Foster + Partners has won an international competition to design Luxembourg Royal Hamilius, a mixed-use development in the heart of Luxembourg City developed by Codic International. Designed to enhance and repair the urban fabric and create a suitable setting for the city’s UNESCO World Heritage Site, the project comprises a department store, offices, shops, apartments, and a variety of social and civic spaces.
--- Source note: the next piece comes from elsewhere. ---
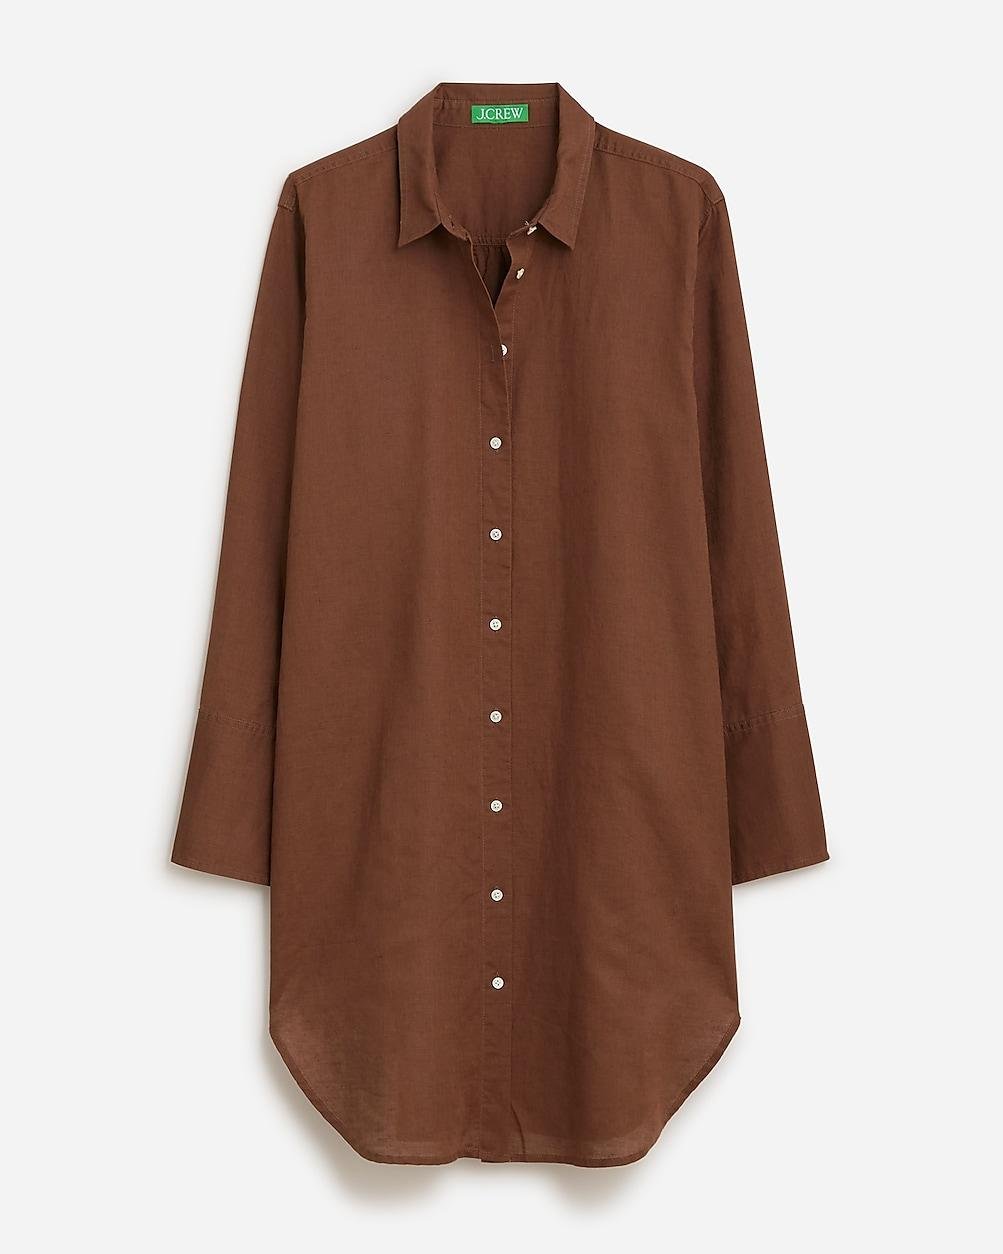 Relaxed-fit beach shirt in linen-cotton blend by J.CREW

Designed as a gateway to the historic quarter of the city, the development is anchored by the historic Hotel des Postes, which provides the backdrop to a new civic square with space for ice skating, markets, open air concerts or cinema screenings. The arrangement of buildings maintains the principal visual axis along the Grand Rue and Avenue Monterey and draws on the existing urban identity of Luxembourg, replicating its diversity of spaces. Rue Aldringen will be transformed into a shopping street, with access to apartments above, and the scheme is topped by a sky garden, with panoramic views of the city. A curving steel structure, set in the landscaped surroundings of the park, encloses a rooftop bar and will be visible throughout the city. 

full article on Archello.com
http://www.archello.com/en/project/luxembourg-royal-hamilius


----------



## Melb_aviator (Aug 28, 2007)

Damn that seems unispired. Very generic for F+P usual work.


----------